C’est plein d’une inquiète curiosité que je regagnai enfin ma porte. J’introduisis la clef sans rencontrer de résistance, ouvris et entrai. Point de Bartleby. Je regardai vivement autour de moi, jetai un coup d’œil derrière le paravent ; mais il était clair que mon homme avait disparu. Un examen plus minutieux des lieux me donna à penser que, depuis un temps indéterminé, Bartleby devait manger, s’habiller et dormir dans mon étude, et cela sans assiette, miroir ni lit. Oui, pensai-je, il est manifeste que Bartleby a fait de ce lieu son logis, qu’il y tient tout seul ses quartiers de célibataire. Et aussitôt m’envahit la pensée de l’absence de tout ami, de la solitude ô combien misérable qui se trahissait là. Sa pauvreté était grande, mais son abandon combien horrible !
Soudain, je fus attiré par le pupitre fermé de Bartleby, dont la clef était restée en évidence sur la serrure. Je pris sur moi de regarder à l’intérieur. Tout apparut méthodiquement rangé, les papiers disposés avec soin. Déplaçant les piles de documents, je tâtonnai dans leur profondeur. Je sentis quelque chose que je tirai au-dehors. C’était un grand mouchoir, aux coins noués, assez pesant. Je l’ouvris, et me trouvai en présence des économies de Bartleby.

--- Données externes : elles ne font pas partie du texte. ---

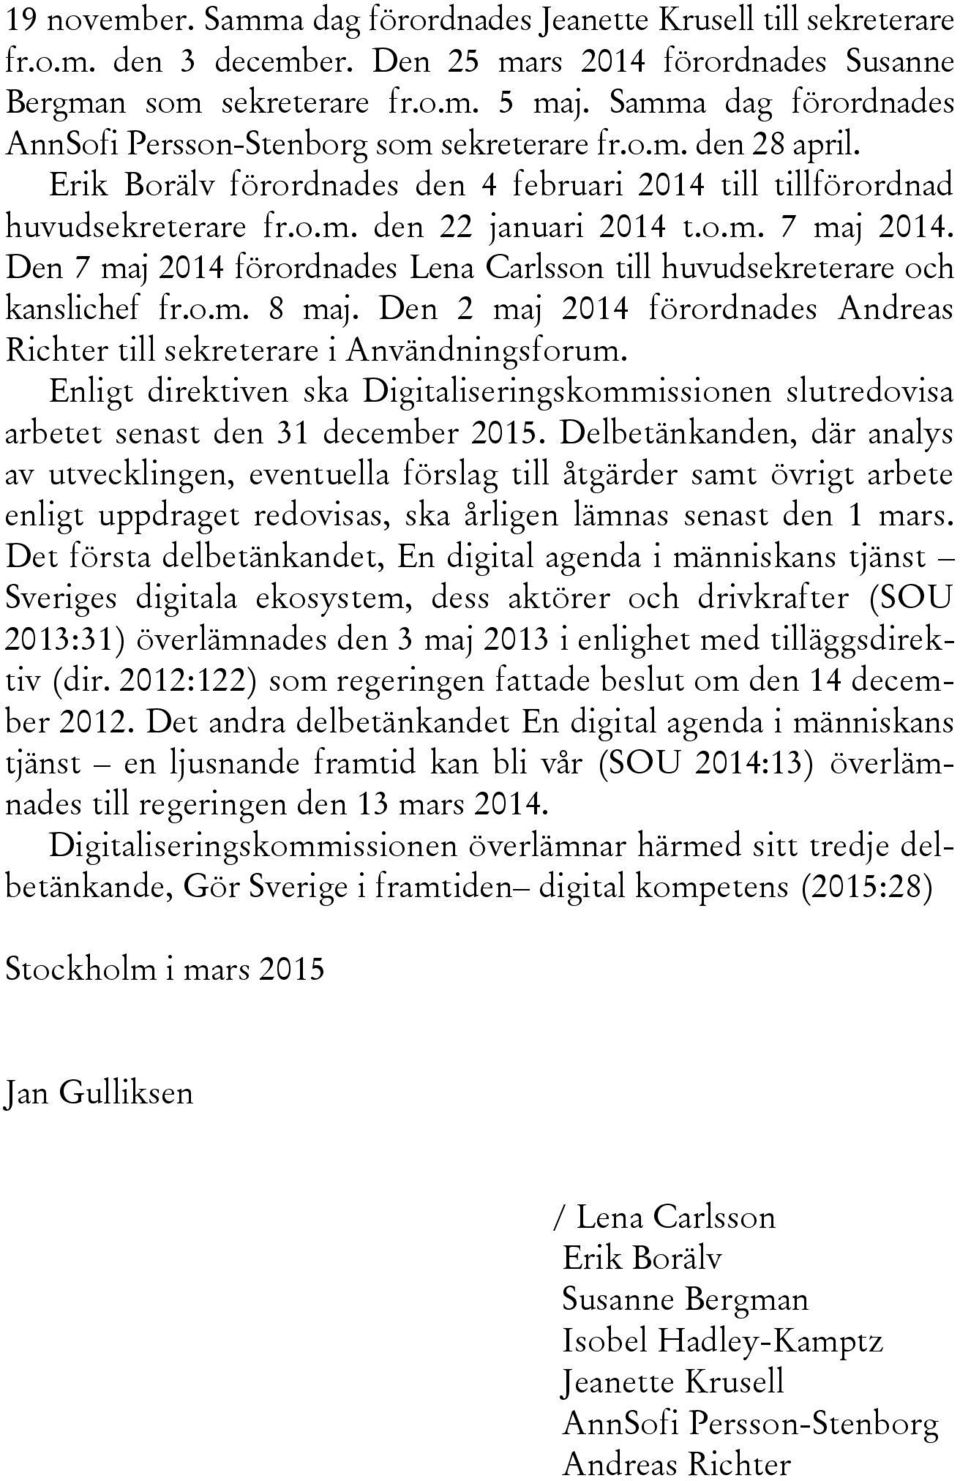 Den 7 maj 2014 förordnades Lena Carlsson till huvudsekreterare och kanslichef fr.o.m. 8 maj. Den 2 maj 2014 förordnades Andreas Richter till sekreterare i Användningsforum.

J’évoquai alors tous les mystères tranquilles que j’avais observés chez cet homme. Je me souvins qu’il ne parlait jamais, sinon pour répondre, qu’il avait refusé de me dire qui il était, d’où il venait et s’il avait aucun parent en ce monde. Par-dessus tout, je me rappelai cette expression inconsciente de blafarde… comment dirai-je… mettons de blafarde hauteur, ou plutôt d’austère réserve qu’il prenait parfois, expression qui m’avait positivement intimidé au point que j’en étais venu à me plier docilement à ses excentricités, à ne plus oser lui demander la moindre vétille.
Comme je retournais toutes ces choses dans mon esprit, un sentiment de craintive prudence m’envahit. Mes émotions premières avaient été de pure mélancolie et de la plus sincère pitié ; mais à mesure que la détresse de Bartleby prenait dans mon imagination des proportions de plus en plus grandes, cette même mélancolie se muait en frayeur, cette pitié en répulsion.
Finalement, je pris la résolution suivante : le lendemain matin je lui poserais calmement certaines questions sur son histoire et, s’il refusait d’y répondre ouvertement et sans réserve (comme, sans doute, il le préférerait), je lui donnerais un billet de vingt dollars en sus de ce que je pourrais lui devoir, et je lui dirais que je n’avais plus besoin de ses services, tout en lui déclarant que si je pouvais lui être utile par ailleurs d’une manière ou d’une autre, je serais ravi de le faire.